Everything in the listing should be transcribed exactly, apart from the pictures.

▸ Supplied information:
......

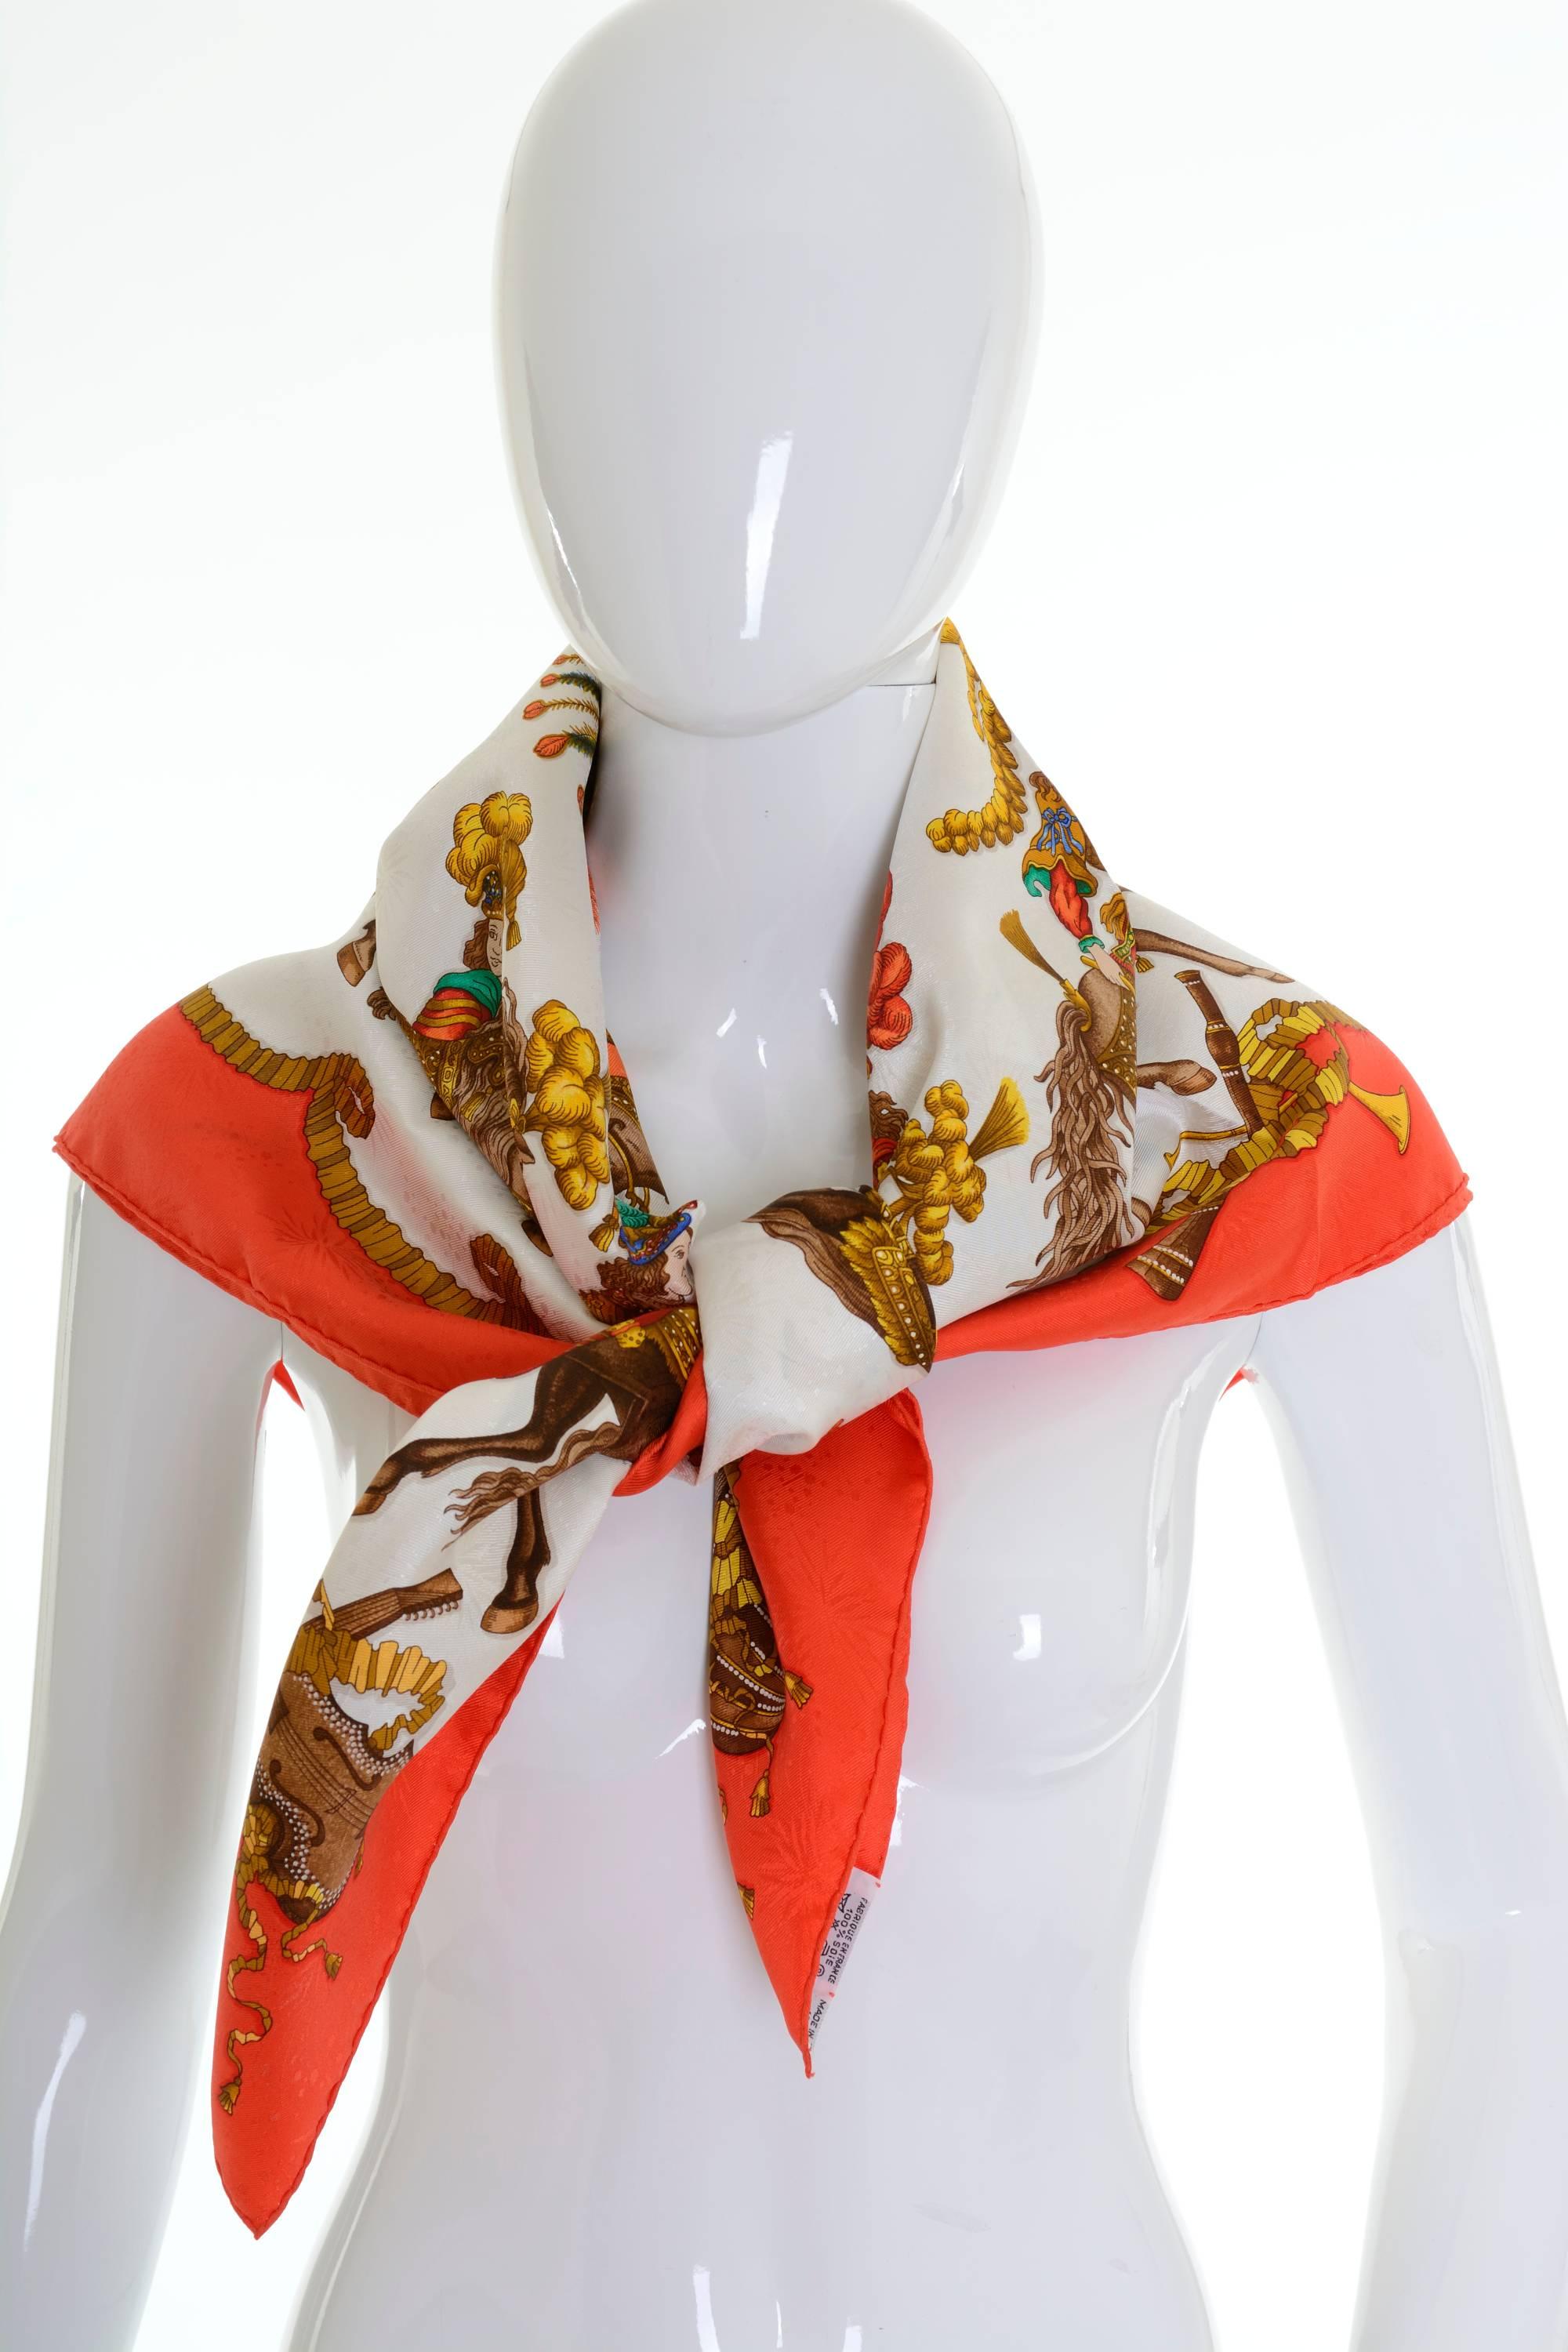 This authentic Hermès Scarf is 100% silk and has white background with equestrian motif, with red hand-rolled edging. 

New condition with Original Orange Box (never used, very fresh crisp)

Design by Michel Duchene, first issued in 1994 -Made in

......

▸ Exercise solution:
 This authentic Hermès Scarf is 100% silk and has white background with equestrian motif, with red hand-rolled edging. 

New condition with Original Orange Box (never used, very fresh crisp)

Design by Michel Duchene, first issued in 1994 -Made in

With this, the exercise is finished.